# Keine gültige IP-Konfiguration Windows 8.1



## retlaw97 (16. November 2014)

*Keine gültige IP-Konfiguration Windows 8.1*

Guten abend liebes pcghx-forum,
Seit heute Nachmittag kann ich mit meinem PC leider keine Verbindung zum Internet aufbauen. Ich habe in letzter Zeit nichts an meinem PC verändert, dementsprechend ist es mir ein Rätsel dass dieses Problem so plötzlich auftritt. 
Ich nutze einen devolo d-lan adapter, den ich in eine Steckdose stecke um von dort meinen PC per LAN zu verbinden. 
Die Windows problemanalyse sagt, dass "Ethernet über keine gültige IP-konfiguration" verfügt. 
Treiber sind alle aktuell, andere Geräte im WLAN funktionieren einwandfrei. Muss ich davon ausgehen, dass der Adapter kaputt ist und ich mir einen neuen kaufen muss? 
Ich danke im voraus.


----------



## Kusanar (17. November 2014)

*AW: Keine gültige IP-Konfiguration Windows 8.1*

Steck die devolo-Teile beide mal von der Steckdose ab und wieder an. Hatte mal bei einem Bekannten so Teile verbaut, die hatten so alle 6 Monate nach einem Kaltstart verlangt, um korrekt zu laufen. Vielleicht haste Glück und das wars schon.


----------



## retlaw97 (17. November 2014)

*AW: Keine gültige IP-Konfiguration Windows 8.1*

Das hat leider nicht funktioniert. Trotzdem danke für den Vorschlag


----------



## retlaw97 (17. November 2014)

*AW: Keine gültige IP-Konfiguration Windows 8.1*



retlaw97 schrieb:


> Das hat leider nicht funktioniert. Trotzdem danke für den Vorschlag


Edit: mir ist eben aufgefallen, dass im Gegensatz zu dem Adapter im Keller nur 2 von den 3 Lampen brennen. Genauer gesagt leuchtet bei meinem Adapter das haus-symbol nicht.


----------



## Ash1983 (17. November 2014)

Sync die Adapter mal neu (nach Anleitung)..


----------



## Kusanar (17. November 2014)

*AW: Keine gültige IP-Konfiguration Windows 8.1*

Das "Haus" sollte eigentlich leuchte, wenn die Verbindung zwischen den Adaptern steht.

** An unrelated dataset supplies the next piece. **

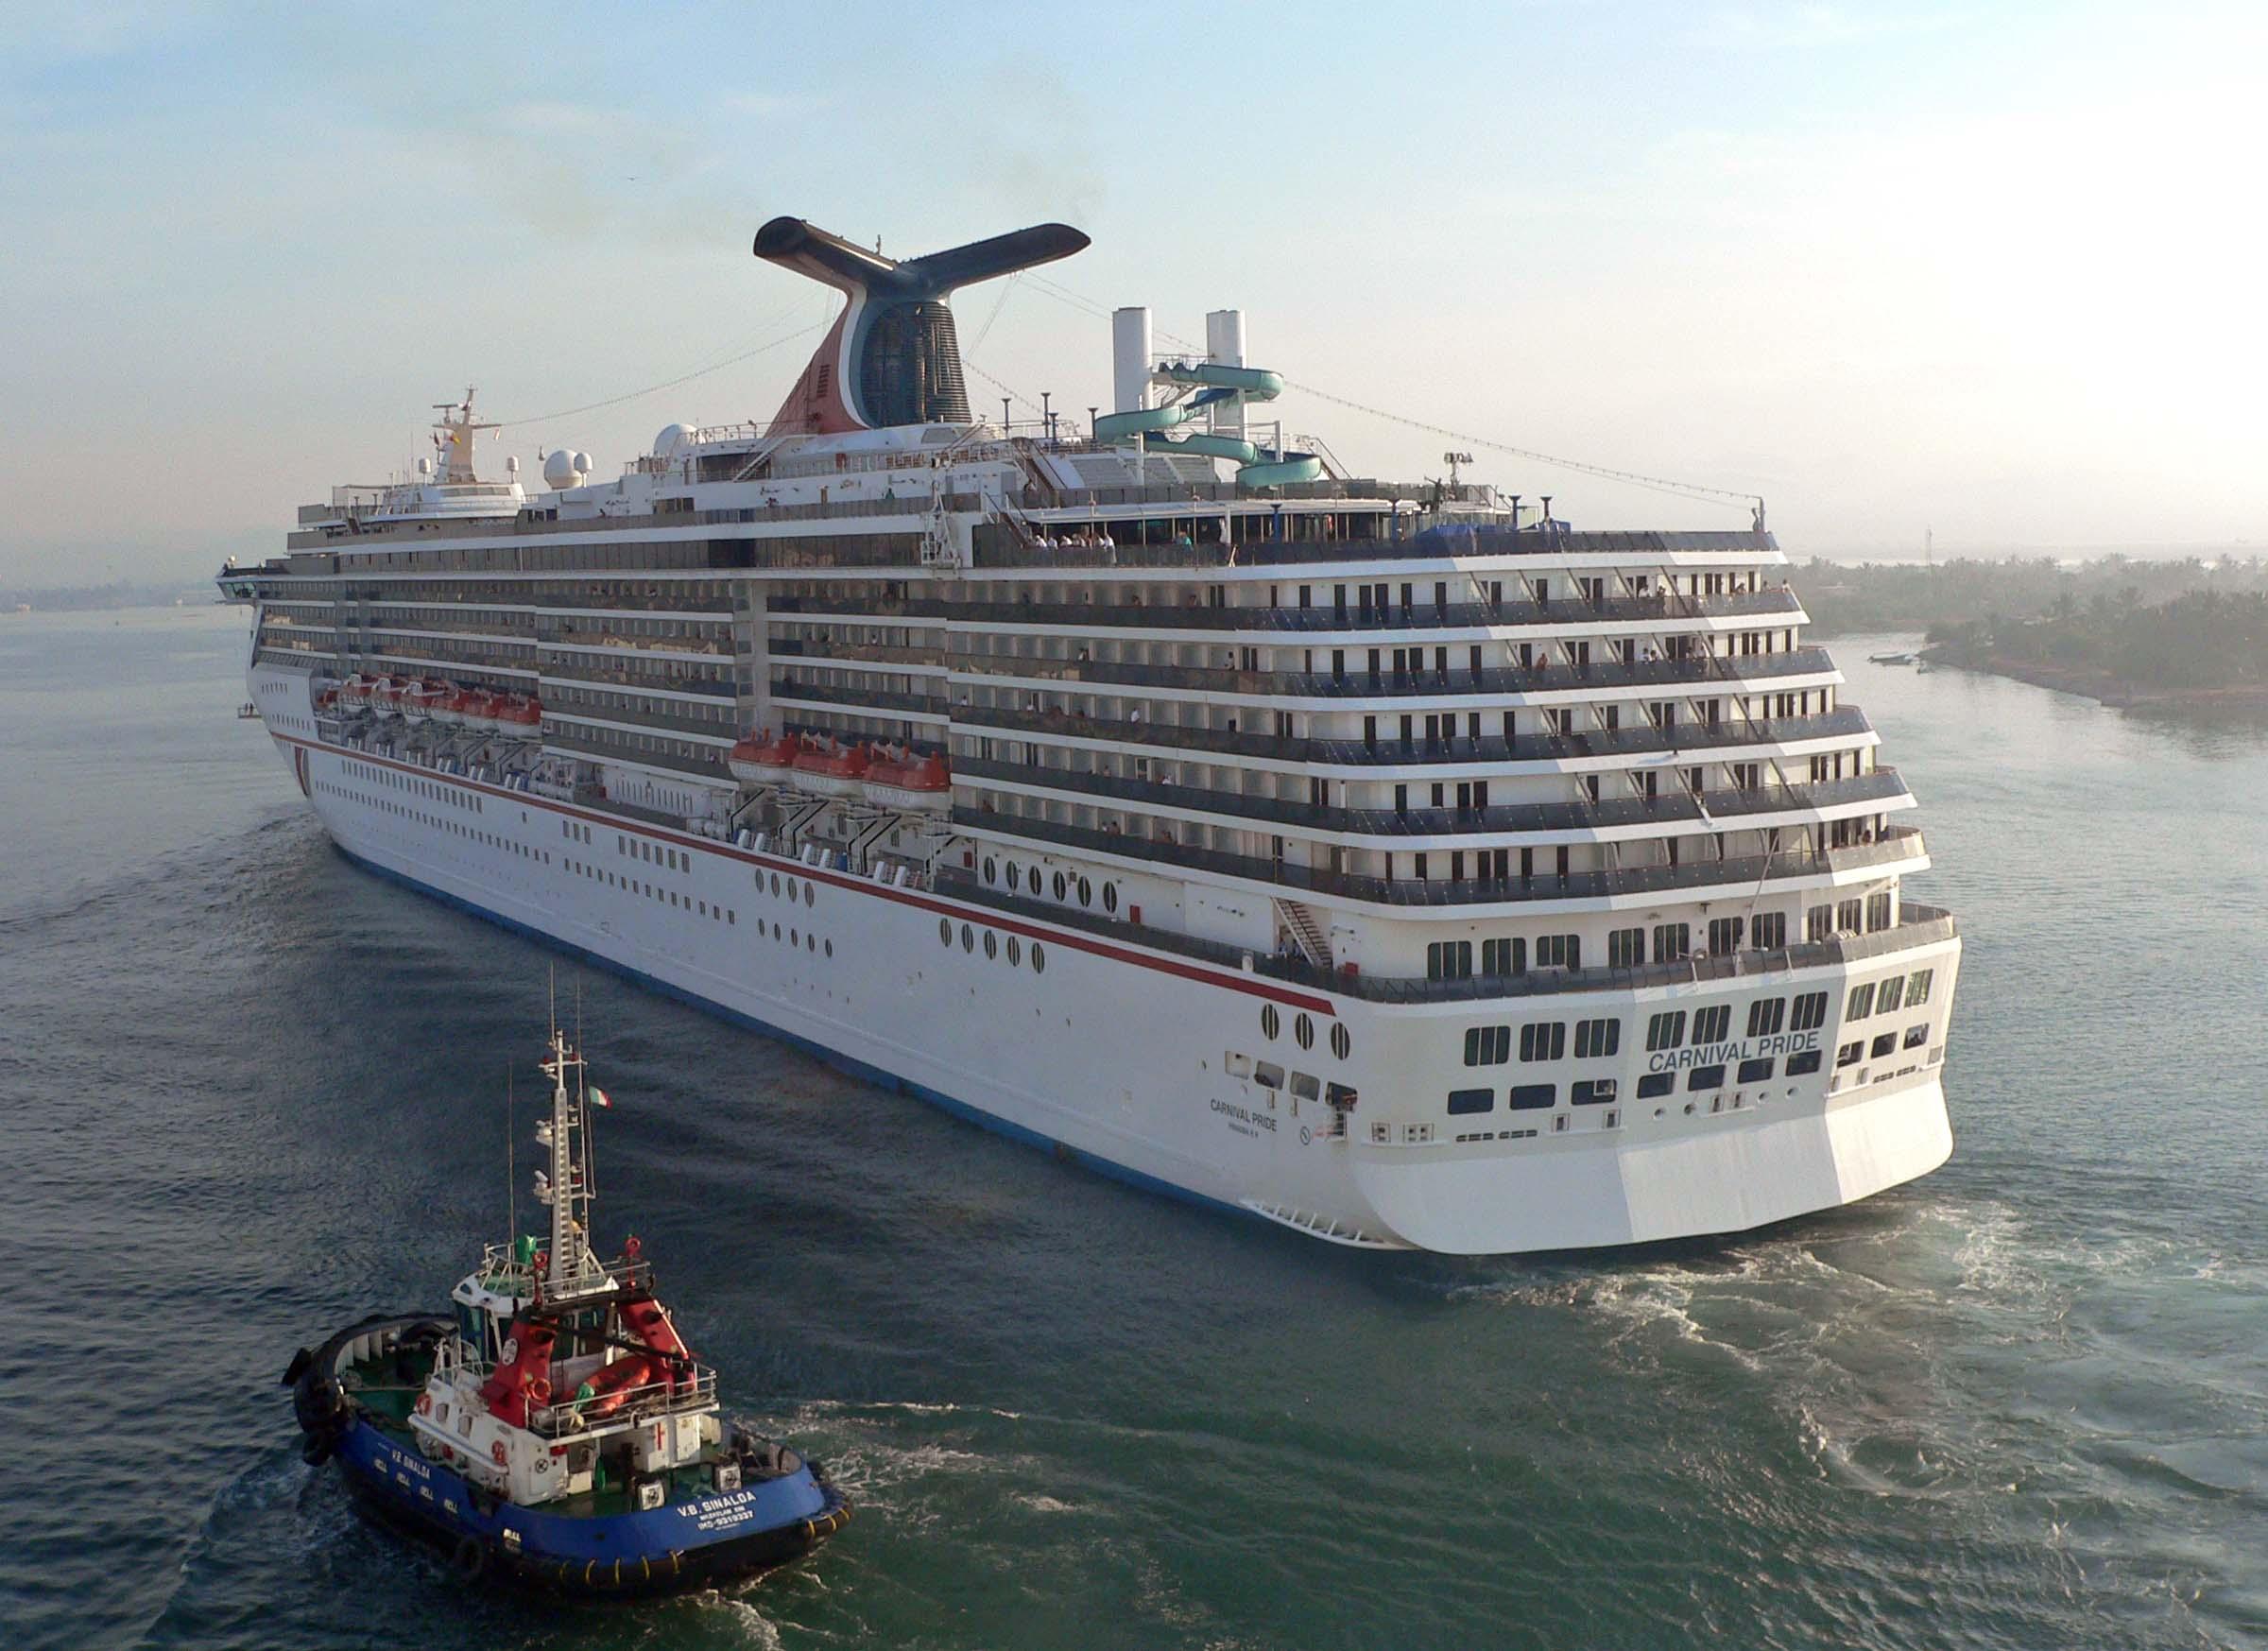 FileCarnival Pride At Mazatlan Jpg Wikimedia Commons - Carnival cruise ships wiki

Wenns die 200 AV sind, geht das Syncen der Adapter nur mit der Software. Standardpasswort der Teile ist "HomePlugAV" (falls noch nicht geändert).


----------



## retlaw97 (19. November 2014)

*AW: Keine gültige IP-Konfiguration Windows 8.1*

Tut mir leid dass ich mich erst jetzt wieder melde. Ich hatte davor einfach noch keine Zeit. 
Ich habe unsere 3 Adapter mit der Software gesynct, WLAN funktioniert inzwischen auch schon wieder, nur mein PC kann immer noch nicht ins Internet. Die software zeigt seltsamerweise bei meinem Adapter einen gelben Pfeil, bei den anderen einen grünen...und Windows meldet immer noch dass keine gültige ip-konfiguration besteht. Aber immerhin leuchten jetzt alle 3 Lampen an meinem Adapter 

Edit: jetzt geht wieder alles, thread kann geschlossen werden.


----------



## Kusanar (21. November 2014)

*AW: Keine gültige IP-Konfiguration Windows 8.1*

Schön zu hören


----------